Hold the phone. You're going to want this as well.

Popeye is another series where I'm well behind the current editions - this is about a year old and the third book is due out soon, but as I'm not gettin' comp copies from anybody, you just have to take 'em as you get 'em. This second edition of Segar's old newspaper strip features Thimble Theatre stories from the early 1930s, and is about equally split with about 90 pages of dailies and 80 pages of Sundays. The dailies tell one amazingly fun continuity where Popeye and Olive go west to manage a ranch deep in criminal badlands, and get drafted to stratergerize a war between two dingbat kingdoms somewhere in the Mediterranean or someplace. The Sundays tell a separate continuity on the homefront where, when he's not being set up for another completely ridiculous prize fight, Popeye's wooing his lady love and eating at the greasiest greasy spoon you've ever seen, and arguing politicks with the owner while the friendless layabout Mr. Wimpy tries to get hamburgers on credit.

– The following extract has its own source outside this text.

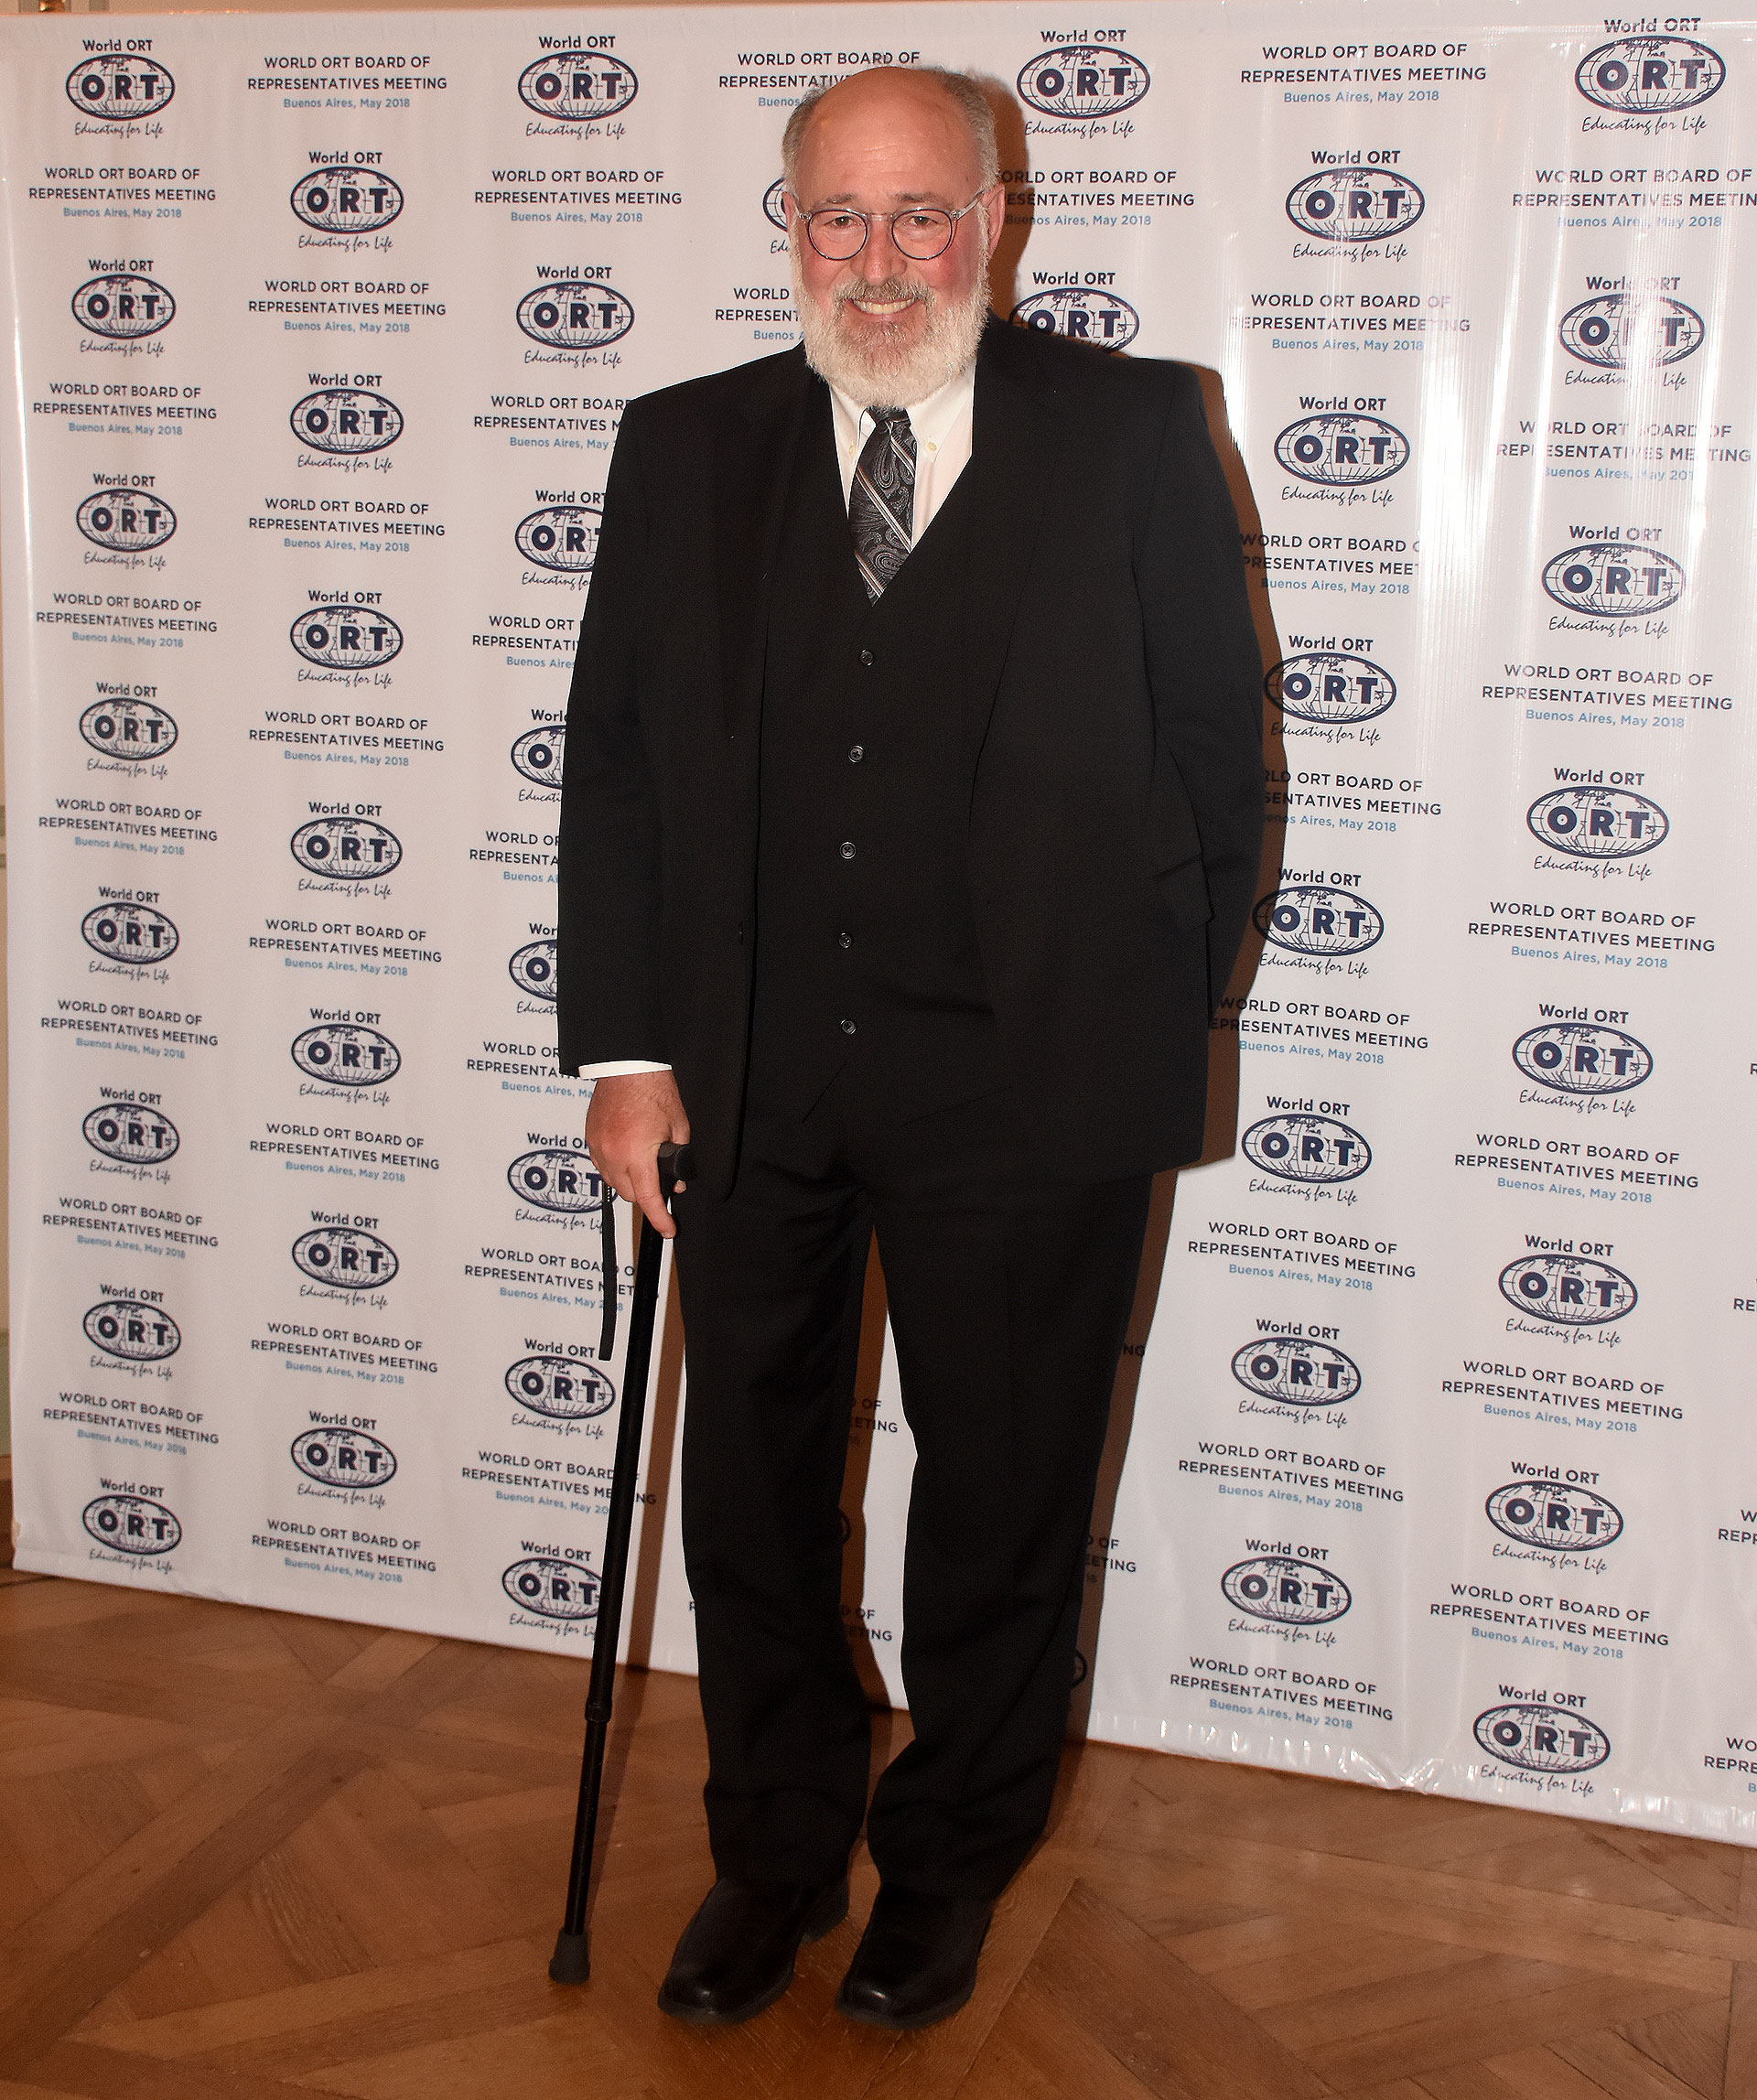 Richard Bernstein, vicepresidente de ORT Mundial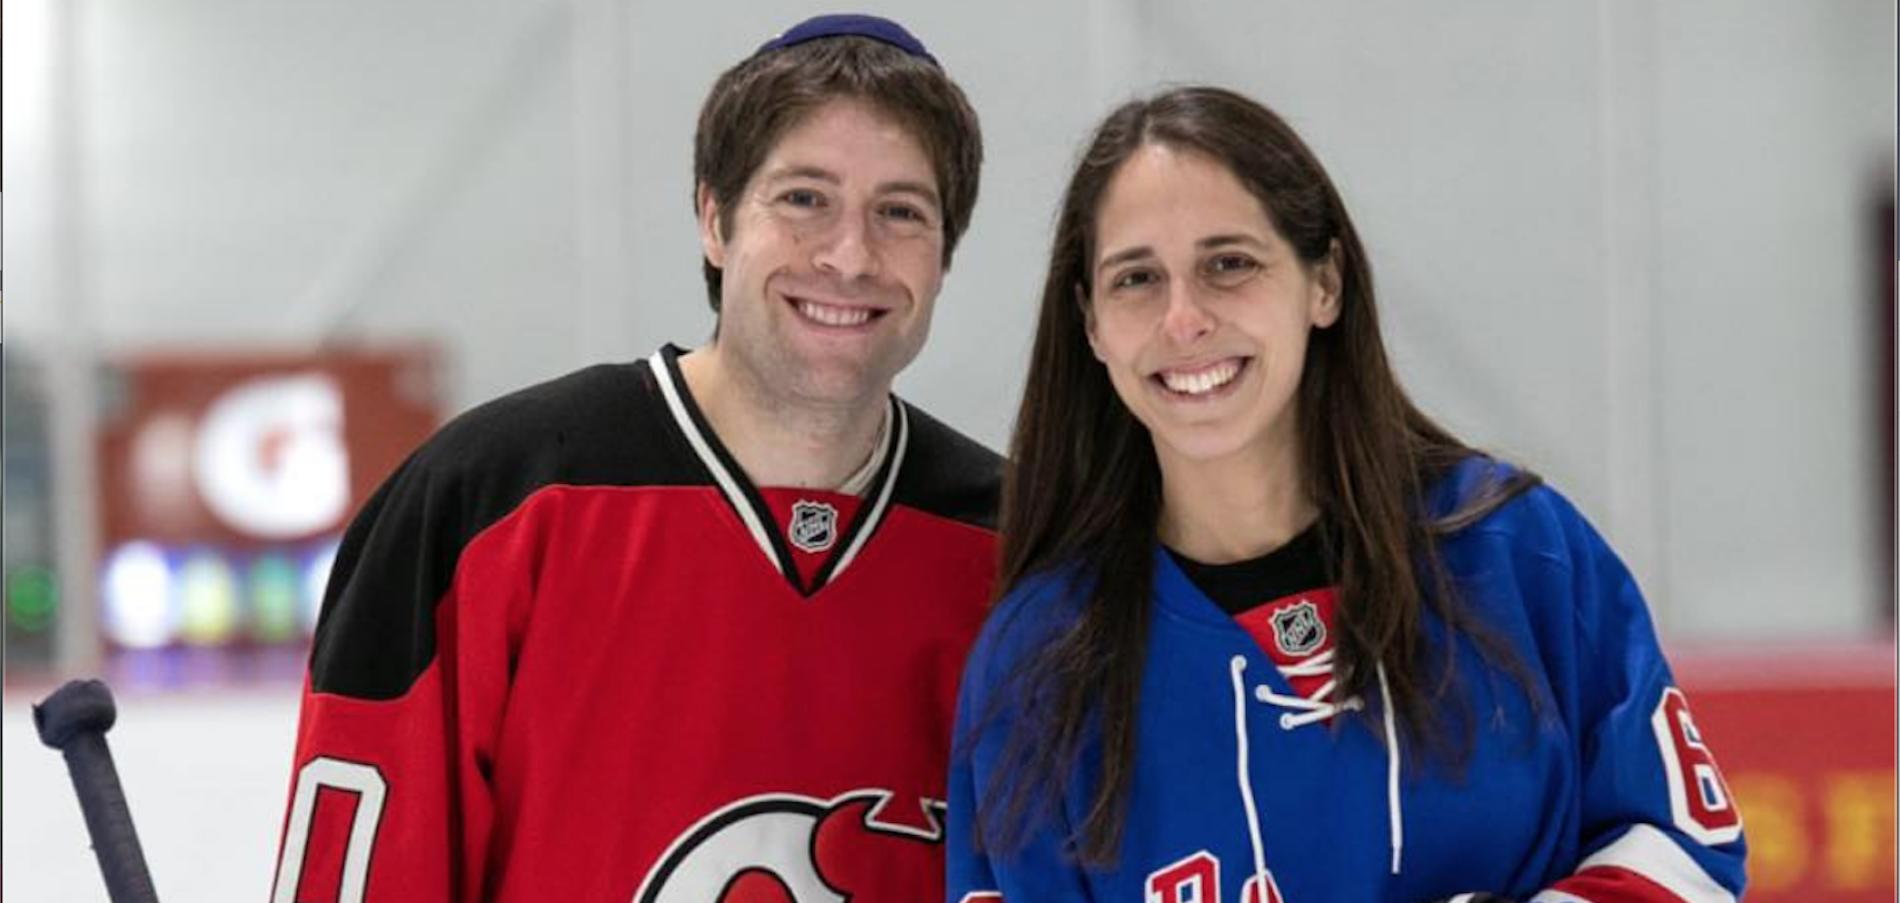 Aliza Hiller - The Orthodox Jewish Female Ice Hockey Player

It is completely addictive, totally silly, and some of the most emphatically laugh-out-loud material I've sat down to read in ages. I knew this going in; the first volume completely knocked out that considerable stack of skepticism I'd built up over the years, thinking the comic was anything like the mediocre cartoon series. I wish it was not worth wasting space restating in the future, but I fear it'll take a while for the word to get out: don't judge these comics based on all the immunity you'd built up over the years to those godawful King Features cartoons stacked up on your UHF channel afternoons in the late 70s when you were waiting for something good to come on.

The print Popeye was a totally different beast, full of bizarre wordplay, plot twists, spectacular sight gags, and the fantastic lead character, swaggering without compromise as he socks and bludgeons his way through an unbelievable enemies' list. Two-fisted violence never looks quite so hilarious as when Popeye lays somebody out among the swee'peas, and the panels of Wimpy standing on a lunch counter shouting "HEY!" while Popeye and Roughneck scream at each other how Congress never helps either sailors or restauranteurs make me chuckle just thinking about them. Actually, the best thing in the book might be a surprising, yet simple, Sunday strip in which Wimpy pilfers sixty cents from the cash register. Jesus, this is a good book. Does the third volume ship this week?